### [TASK TO COMPLETE]
Starting at the line below that contains "Crazy Baby Kız" and ending at the line that contains "RAZOR Scooter A125 GS.", retype each line exactly as it stands, but omit the pictures.

### [DATA FOR REVIEW]
BEGIN
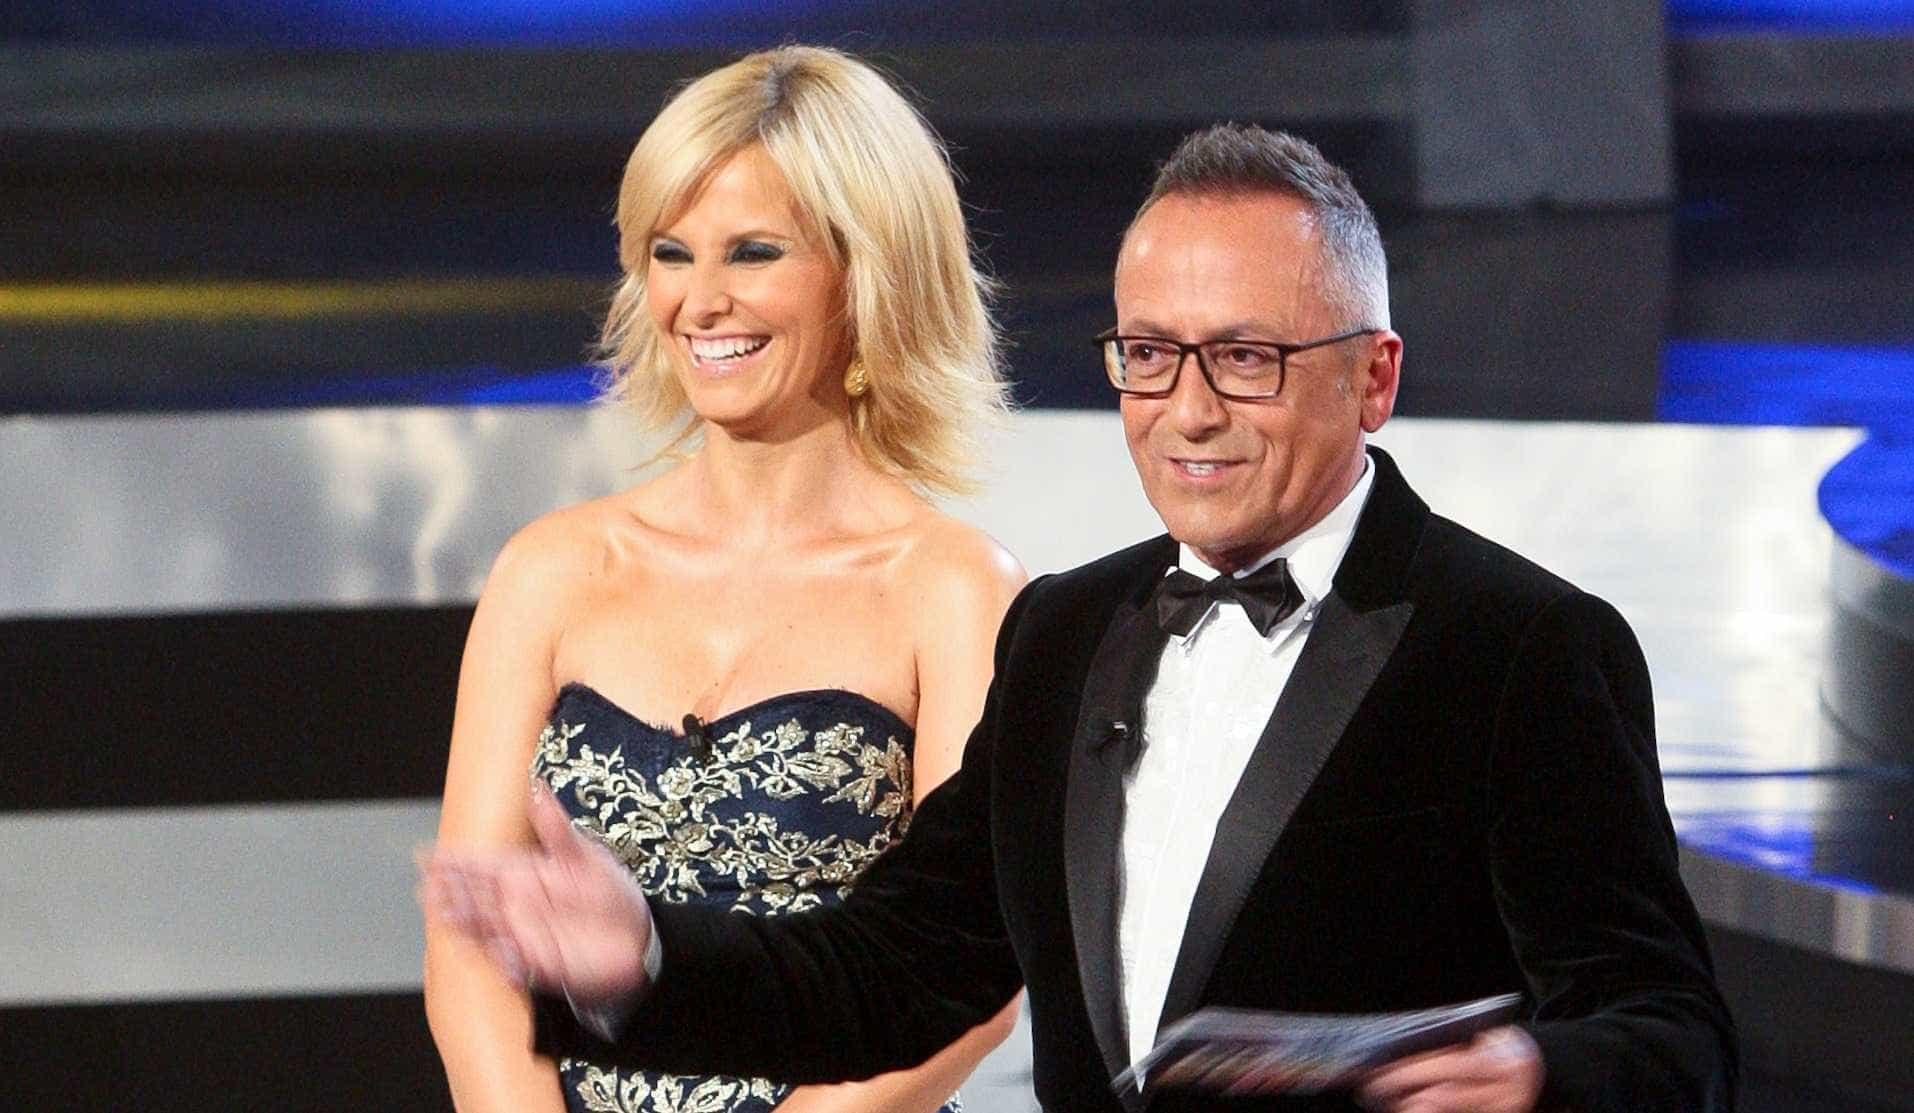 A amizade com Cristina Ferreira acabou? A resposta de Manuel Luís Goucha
END
BEGIN
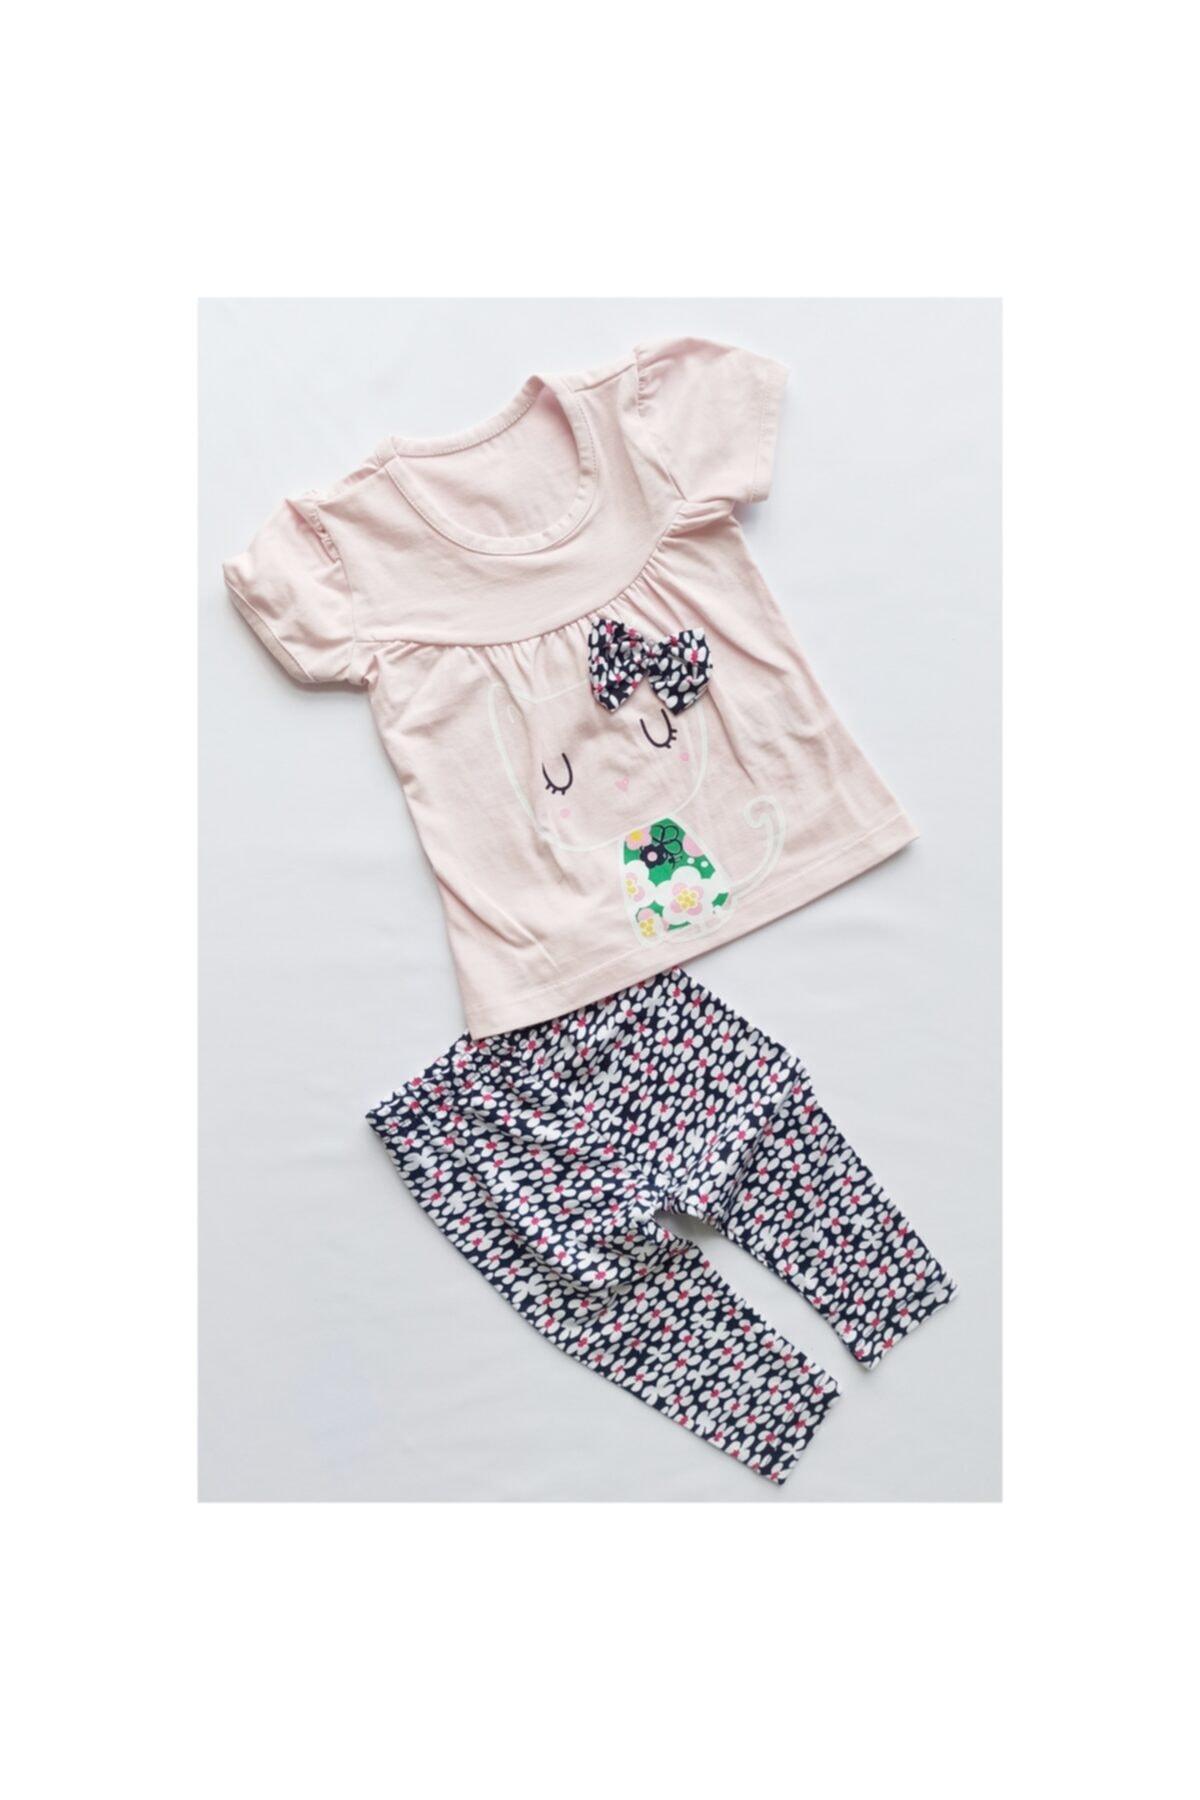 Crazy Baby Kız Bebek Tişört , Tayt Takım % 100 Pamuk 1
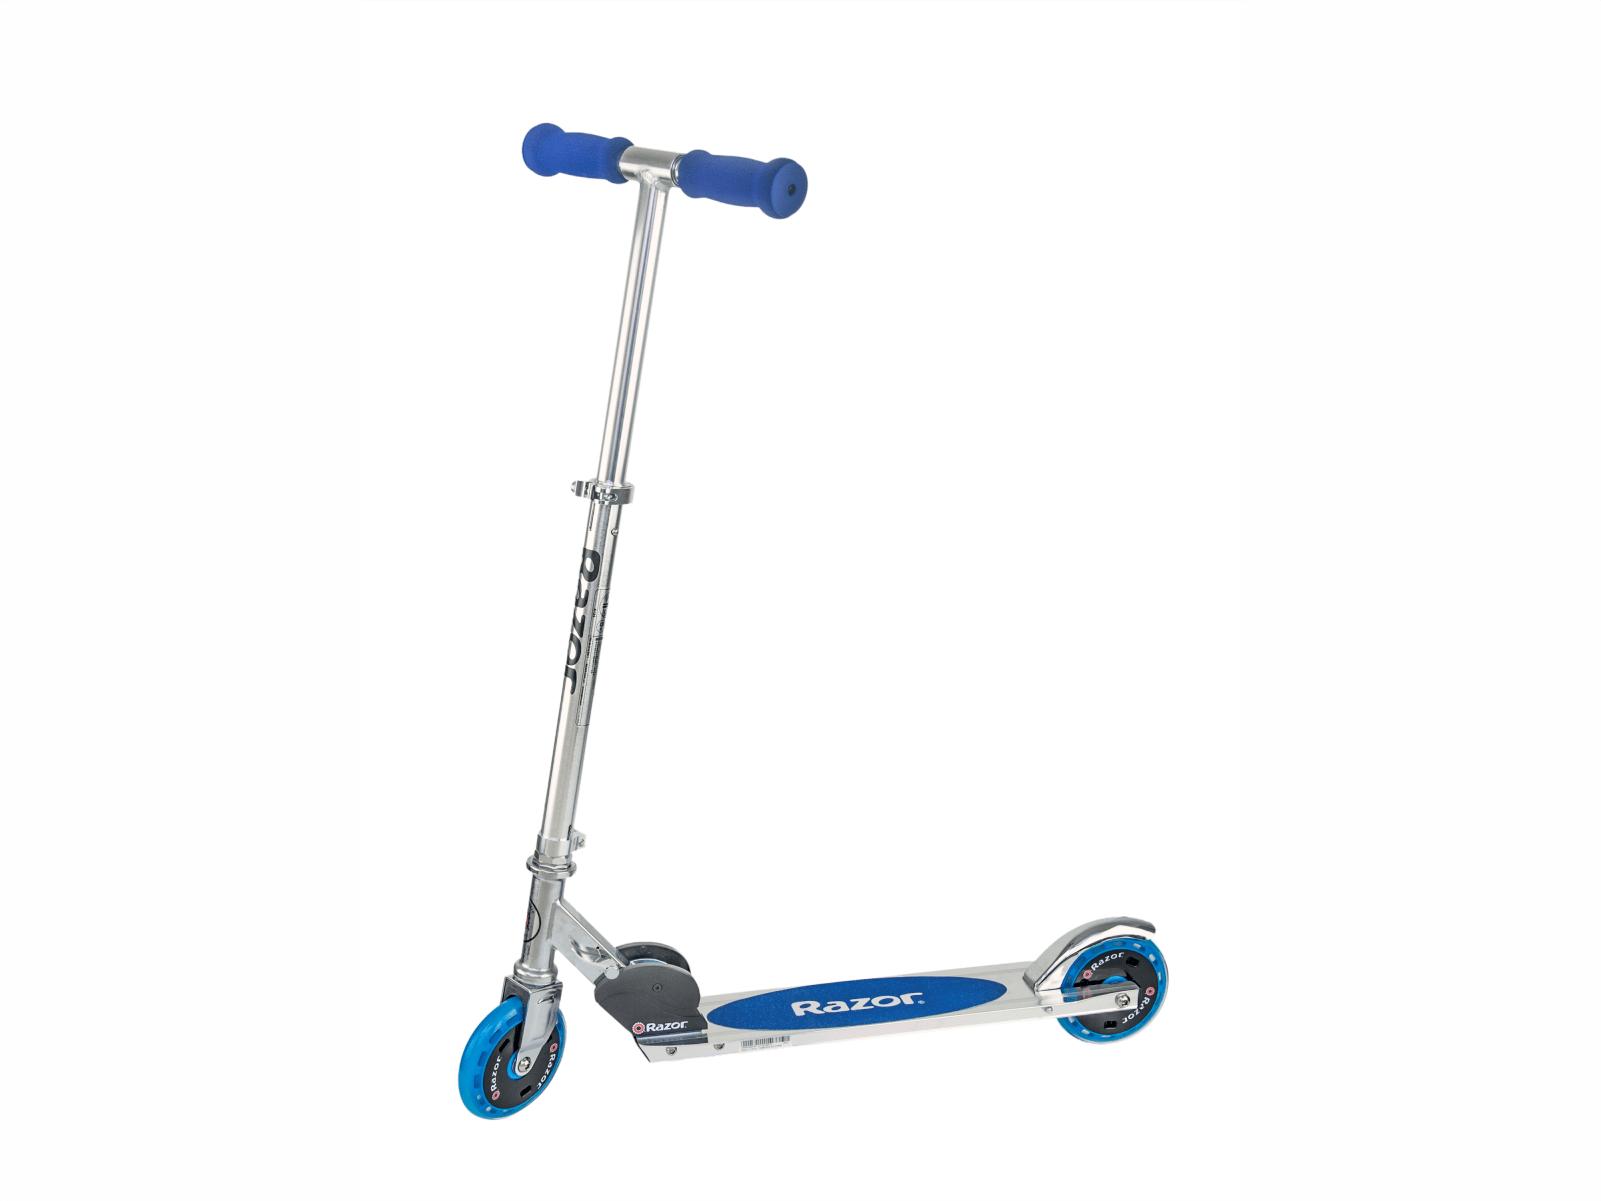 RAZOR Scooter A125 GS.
END
### [ANSWER SECTION]
 Crazy Baby Kız Bebek Tişört , Tayt Takım % 100 Pamuk 1
 RAZOR Scooter A125 GS.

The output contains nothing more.